But it currently doesn’t recognize machines as creators. That’s good. It should stay that way.

So, head on over to

https://www.copyright.gov/policy/artificial-intelligence/comment-submission/

and add your voice to what I hope is a strong chorus of support for keeping copyright human.

FYI, here’s what I said:

Please continue to uphold and strengthen the current policy on artificial intelligence (AI) technology as described in “Copyright Registration Guidance: Works Containing Material Generated
by Artificial Intelligence”; https://www.copyright.gov/ai/ai_policy_guidance.pdf).

One possible route to do so is by adding language to the law and “Compendium of U.S. Copyright Office Practices” (https://www.copyright.gov/comp3/) to explicitly state that material generated by AI technology is not copyrightable.
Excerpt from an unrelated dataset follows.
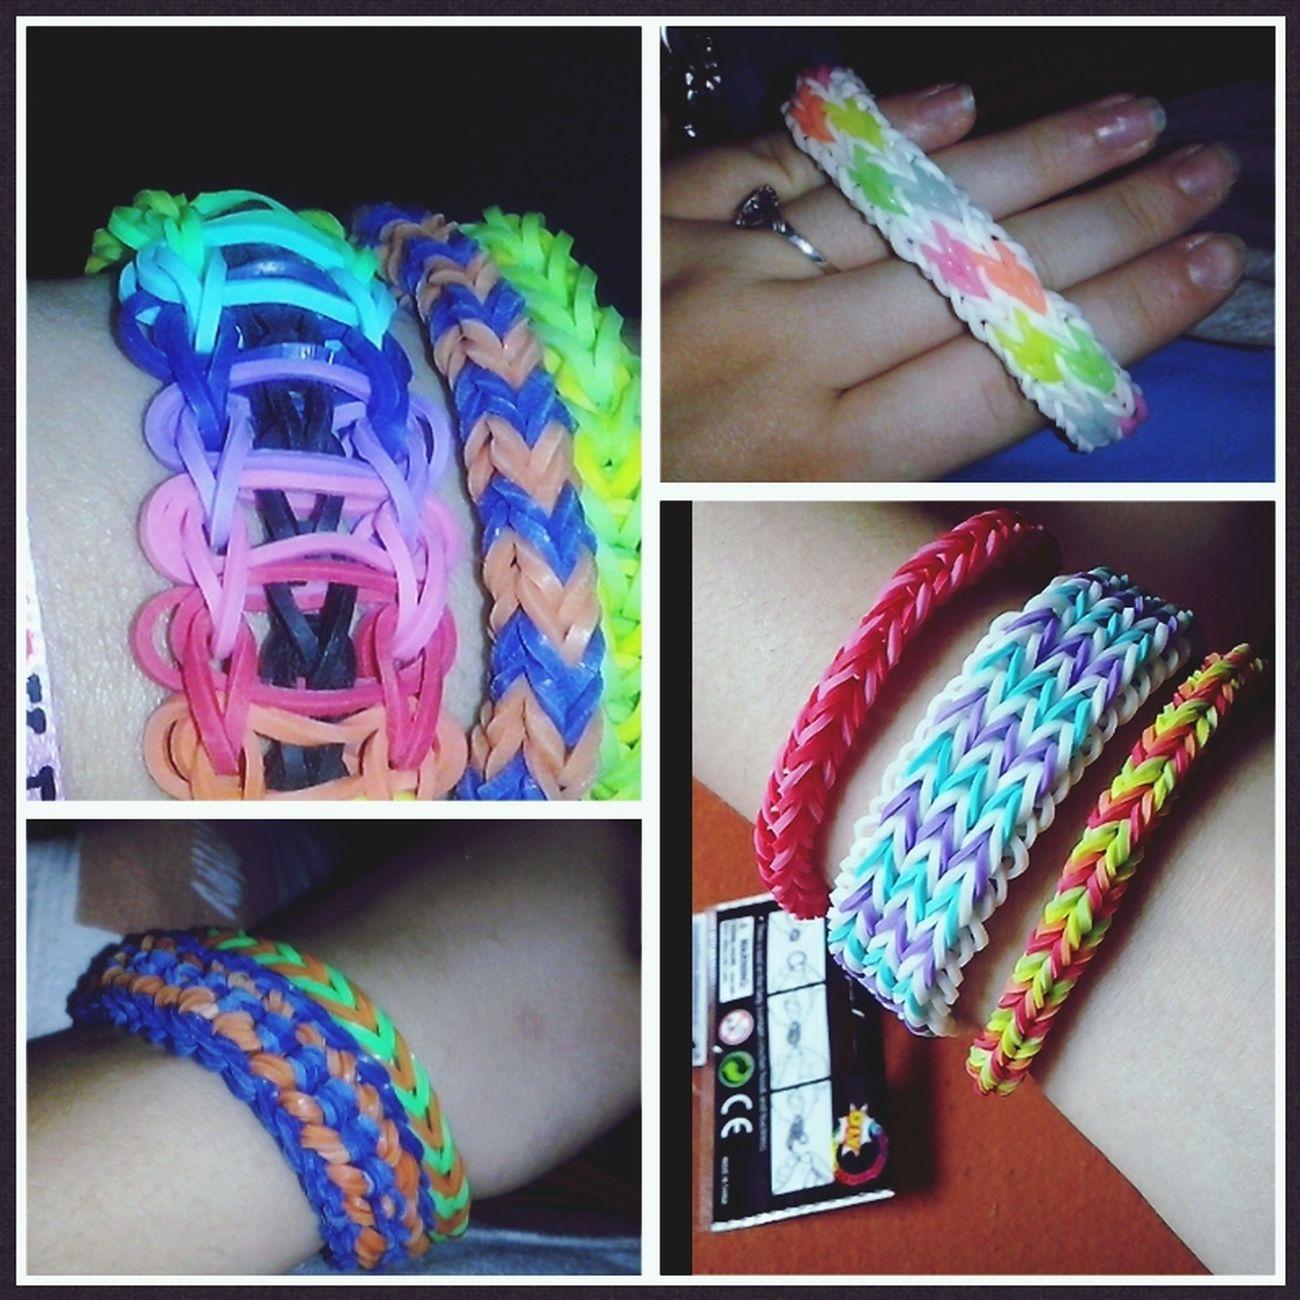 Rainbow Loom Bracelet Kreatives My Baby Make Me Happy ((;

In the Compendium, Section 313.2 could include something along the lines of

“A work generated by a machine or software, based on a prompt or request made by a human, regardless of whether the prompt or request itself might be deemed copyrightable, unique, or creative.”

as an example of something that lacks human authorship, and therefore is not protected by copyright.

Making sure that “Authors and Inventors”, as they’re described in Article I, Section 8 of the Constitution, are human will not only protect those in the creative arts, but those in technical fields as well. People who create new and useful AI technology should receive copyright protection, but the product of those AI technologies should not.

Thank you.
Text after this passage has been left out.